Steven_L_Intel1 · ‎02-03-2014

Sorry - I think I deleted the post by accident thinking it was a duplicate.

TimP · ‎02-04-2014

after commenting out the simd directive (what did your compiler report doing with it?)

On my Windows laptop (the only one I have with AVX) with ifort 14.0.1 :

ifort -assume:realloc_lhs -heap-arrays ar.f90

$ ./ar
mult1 : did 1000 trips in .98 cpu seconds
mult1_simd : did 1000 trips in .97 cpu seconds
mult1_do : did 1000 trips in .72 cpu seconds
mult1_do_ptr : did 1000 trips in .73 cpu seconds
mult1_do_ptr_comp : did 1000 trips in .45 cpu seconds
mult1_do_concurrent: did 1000 trips in 18.52 cpu seconds
mult1_forall : did 1000 trips in 3.00 cpu seconds

ifort -assume:realloc_lhs -heap-arrays -QxHost ar.f90

$ ./ar
mult1 : did 1000 trips in .39 cpu seconds
mult1_simd : did 1000 trips in .41 cpu seconds
mult1_do : did 1000 trips in .69 cpu seconds
mult1_do_ptr : did 1000 trips in .72 cpu seconds
mult1_do_ptr_comp : did 1000 trips in .44 cpu seconds
mult1_do_concurrent: did 1000 trips in 20.22 cpu seconds
mult1_forall : did 1000 trips in 2.84 cpu seconds

forall is faster on stack. For a rank 1 forall, ifort will skip temporary stack allocation when !dir$ ivdep is set.

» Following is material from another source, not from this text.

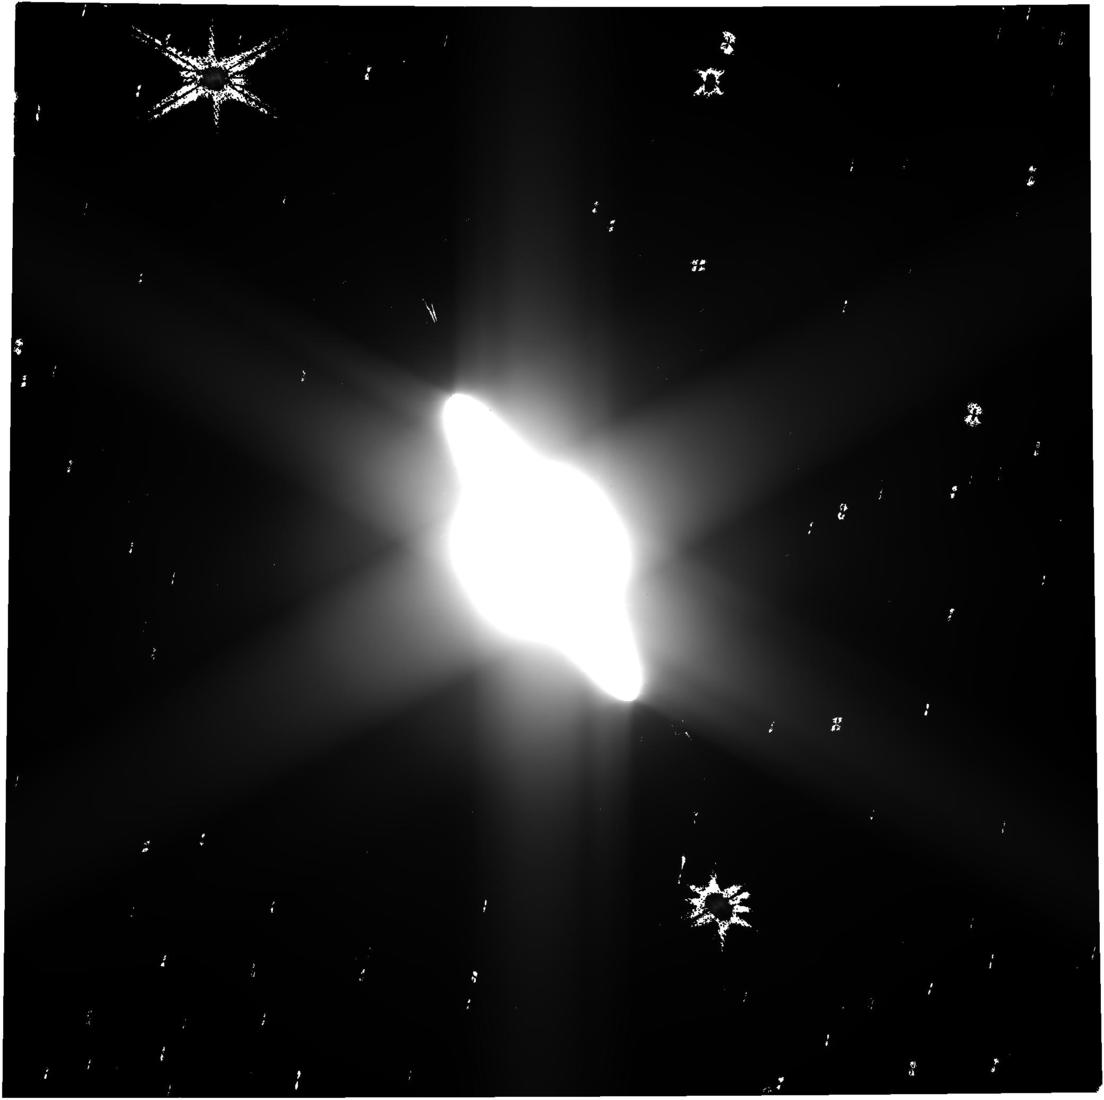 Primeras imágenes sin procesar de Saturno tomadas por el James Webb Space Telescope

I didn't see you mention that the compiler reports "subscript too complex" and declines to optimize the do concurrent until the loop order is changed to outer,middle, inner so that it can reach the .72 second time. I don't know if that is an accepted way to optimize do concurrent; gfortran will optimize only a single level loop there.

gfortran is faster than ifort on mult1_do and mult1_do_ptr, and sse2 vs. avx makes little difference.

According to

$ ifort -assume:realloc_lhs -Qvec-report7 -QxHost /Qunroll2 ar.f90 /link /stack
:800000000 2>&1 | ../vecanalysis/vecanalysis.py --annotate

mult1_do, mult1_do_ptr, and optimized do_concurrent in-lined versions use 50% more "vector operations" than the faster ones, which evidently is reflected in the run time. The in-lining in this benchmark appears possibly counter-productive (accounting for losses in comparison to gfortran?)

Alexis_R_ · ‎02-05-2014

Thanks for your comments, Tim.

To answer your points:

- my compiler said SIMD LOOP WAS VECTORIZED at line 27. Is this not what you expected? Why did you remove it? I was following Martyn's suggestion above, but am I missing something?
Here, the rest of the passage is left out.